Grant Belgard: What’s a learning resource you would recommend for every trainee?
Eva-Maria Hempe: I think it’s not a learning resource in the conventional way, but I would really encourage to go on build.nvidia.com because it just shows you what’s possible and you have all those different models and you can play with them, you can get an idea what they can do. And then you can also go to the blueprints and basically see how these are put together. So I think that’s a great resource. And then I would maybe pair that with like, I’m a big fan of perplexity, but also any other LLM agent of choice. I think they are great teachers. They can teach you anything. And the other day I used perplexity in voice mode. And so I was like making dinner and just having this really natural conversation. And there is no stupid question. There is no judging.
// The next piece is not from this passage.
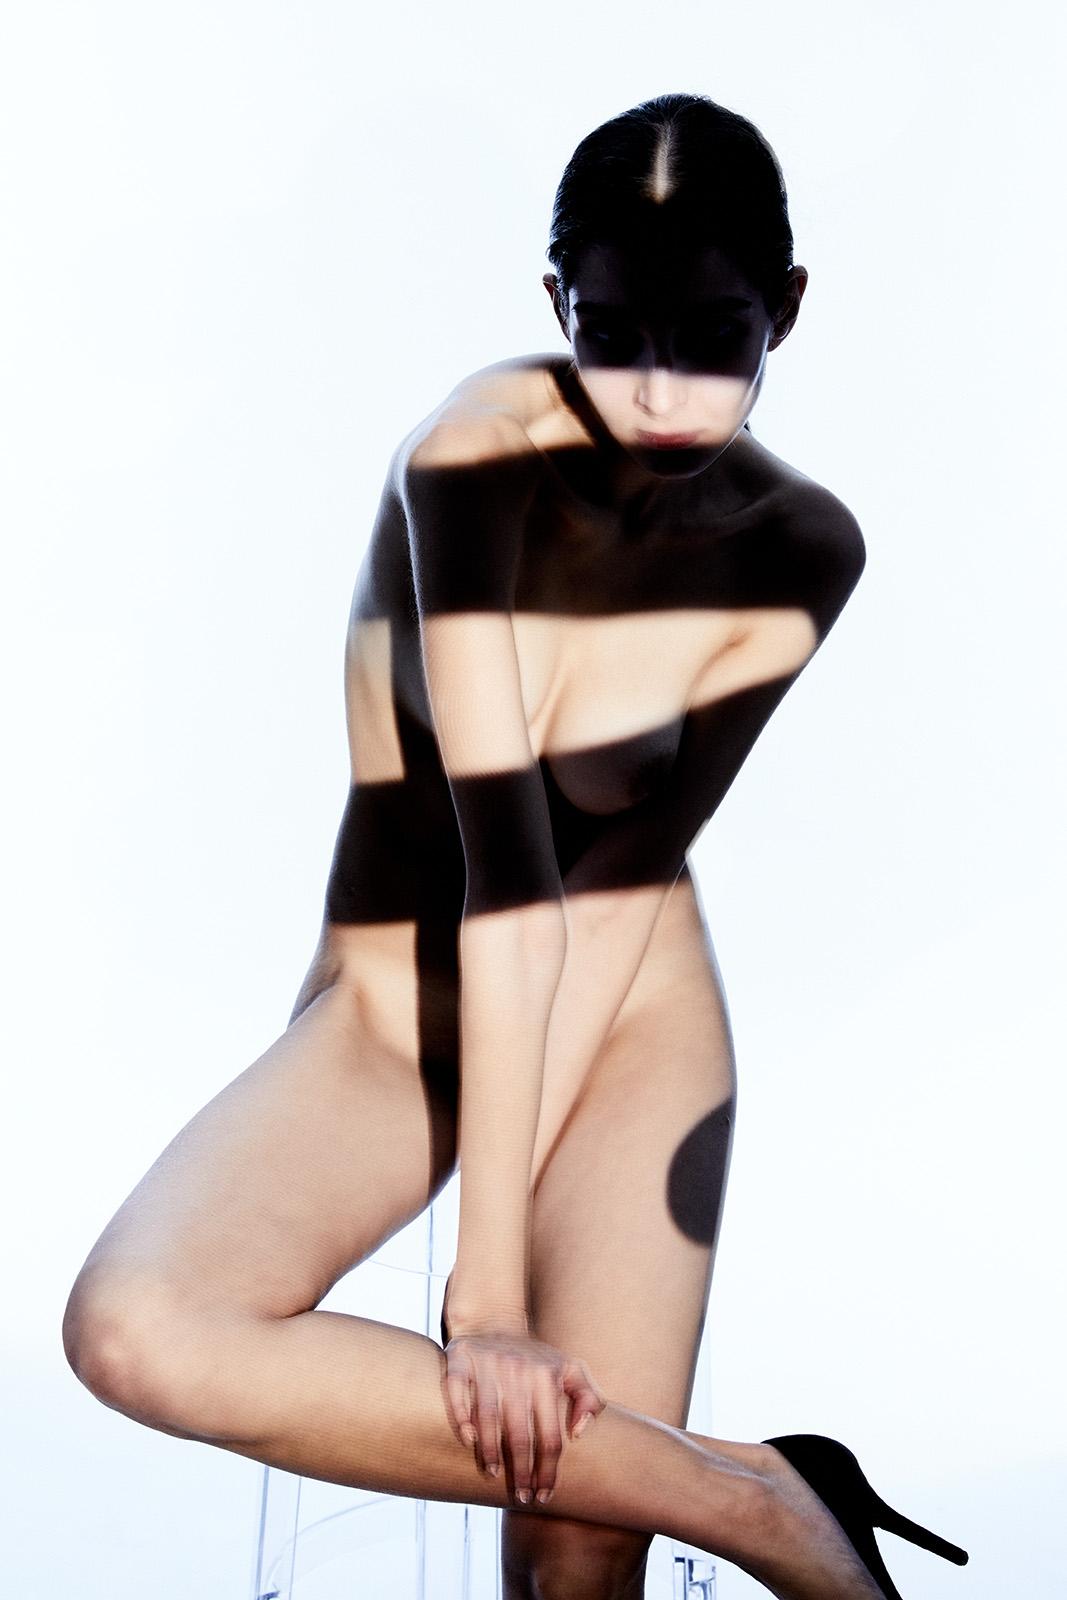 Lina-Lorenza-Nude-Nudo-Star-com-2
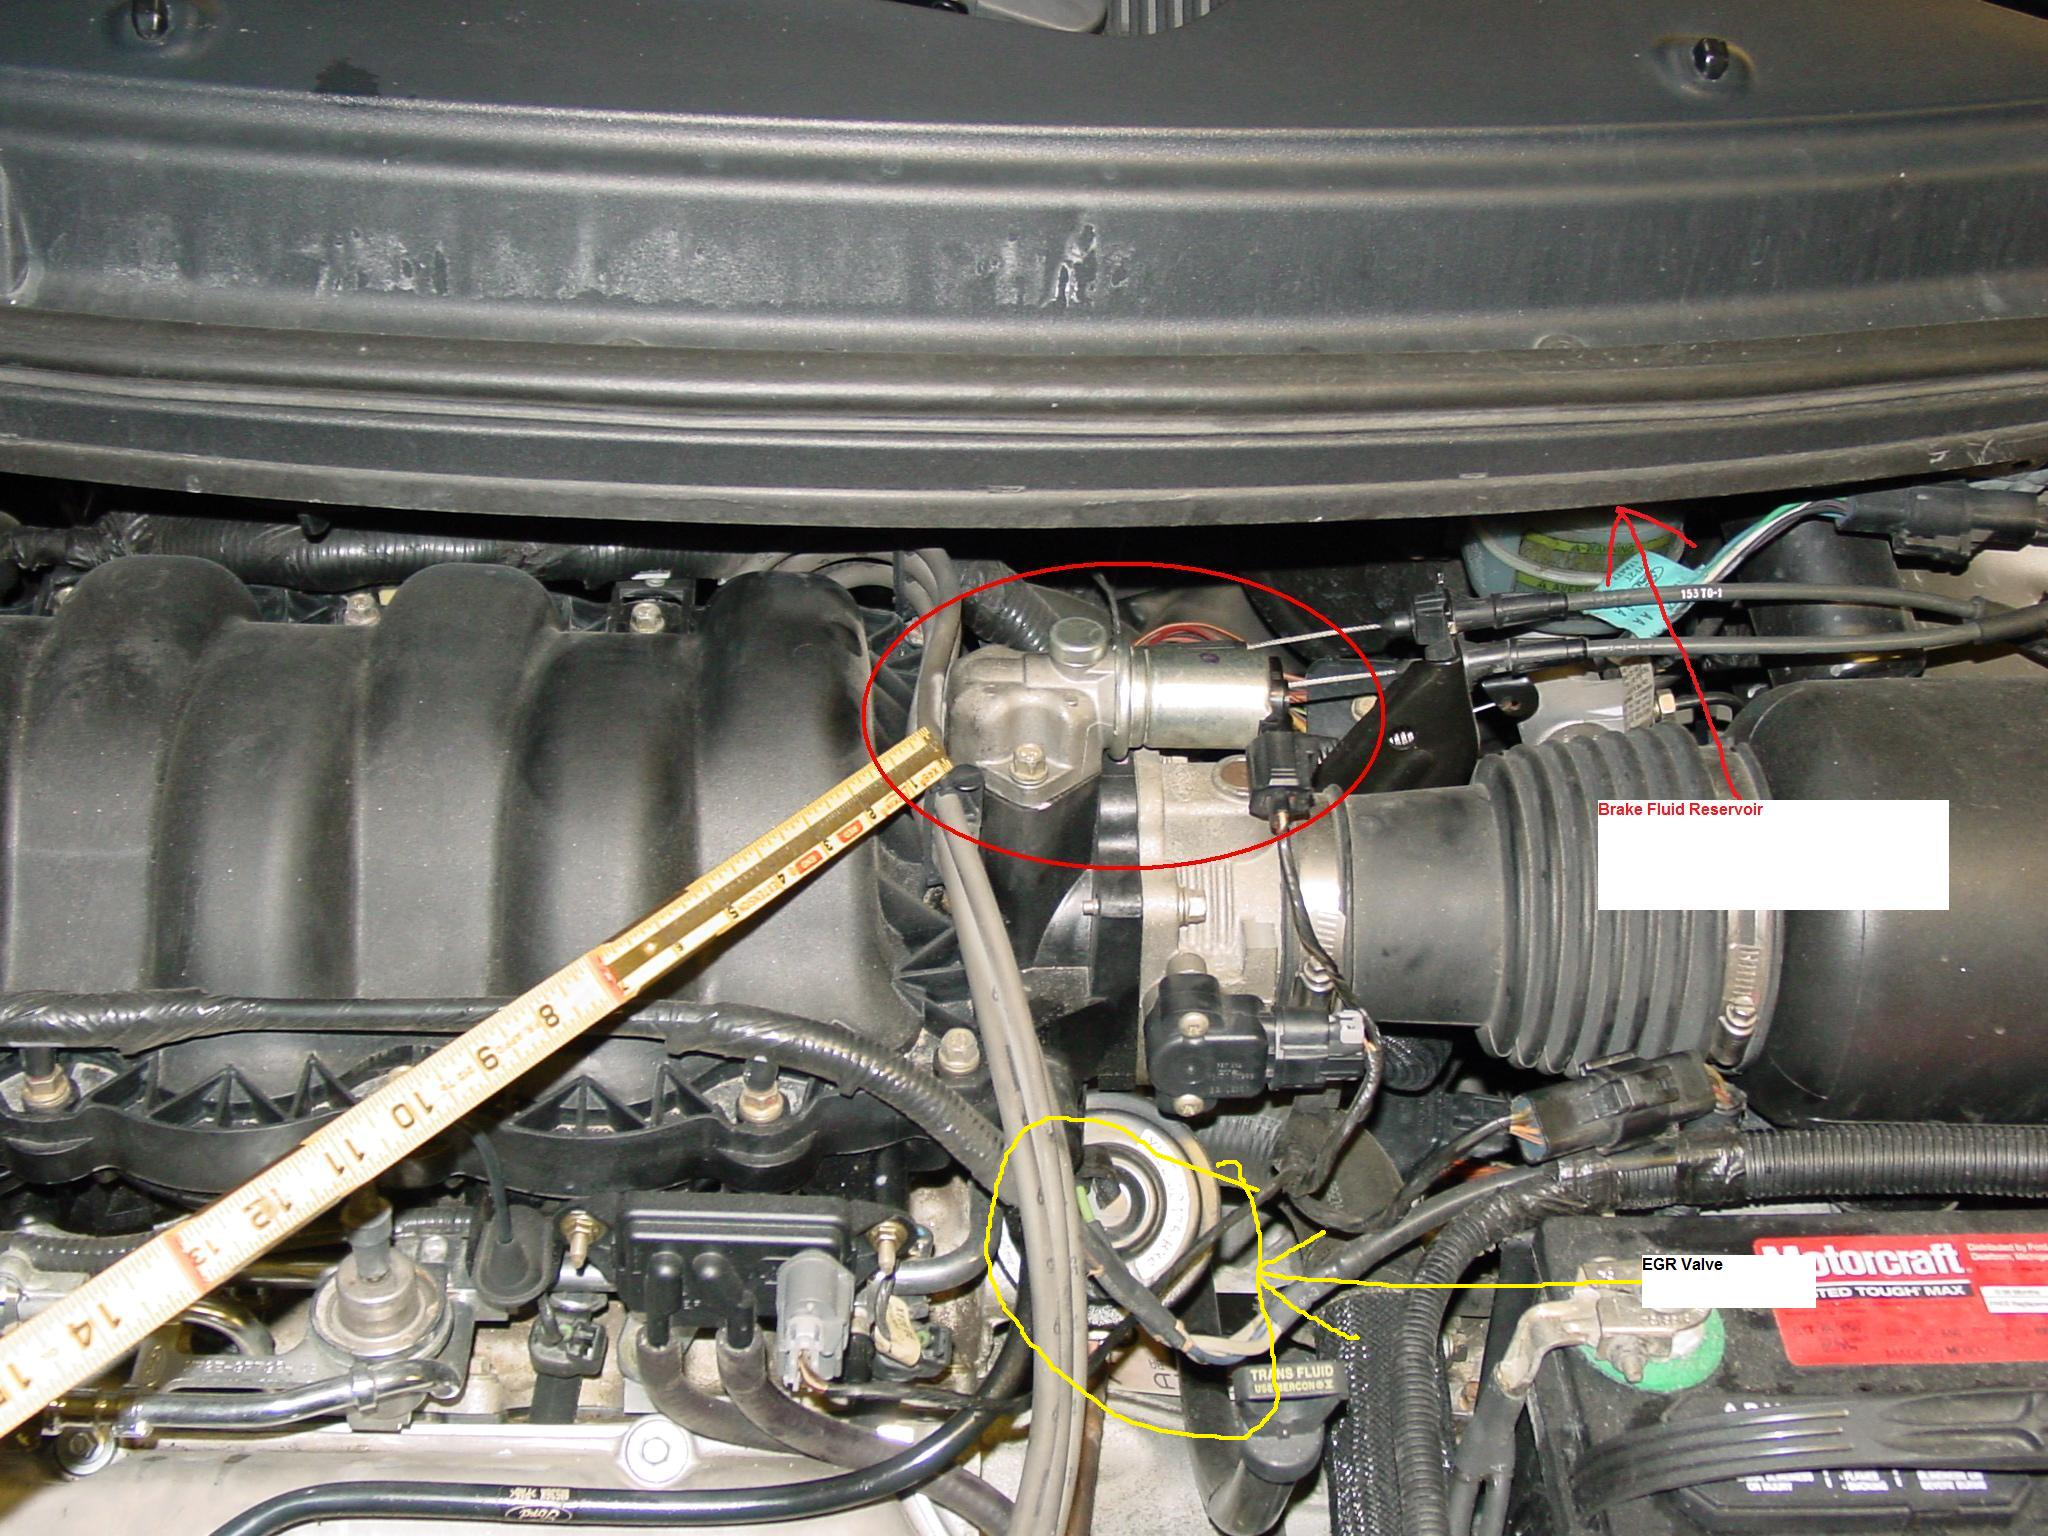 [SCHEMATICS_4FR]  TV_7298] 2003 Ford Explorer Fuel Filter Location Schematic Wiring | Ford Windstar Fuel Filter Location |  | Minaga Impa Rele Mohammedshrine Librar Wiring 101

Eva-Maria Hempe: You can like ask it anything like just, can you please explain to me again how this works? And I sometimes also use it for some of the NVIDIA stuff. I’m like, okay, can we go deeper on RAPIDS? Can you explain the different libraries? Like how does this work? Why does this work? So I think it’s a great tool to learn about AI, but also just anything else you wanna learn. And it can also challenge you. You can actually also ask it to quiz you and to make sure you really understand things and you explain it back to the machine. The machine actually gives you feedback whether you got it right or you need to brush up a bit more.
Grant Belgard: Yeah, I was actually doing the same thing with a bit of yard work yesterday. Also highly recommend that, voice mode is great. Eva-Maria, thank you so much for joining us. It was great.
Eva-Maria Hempe: Thank you, I really enjoyed it.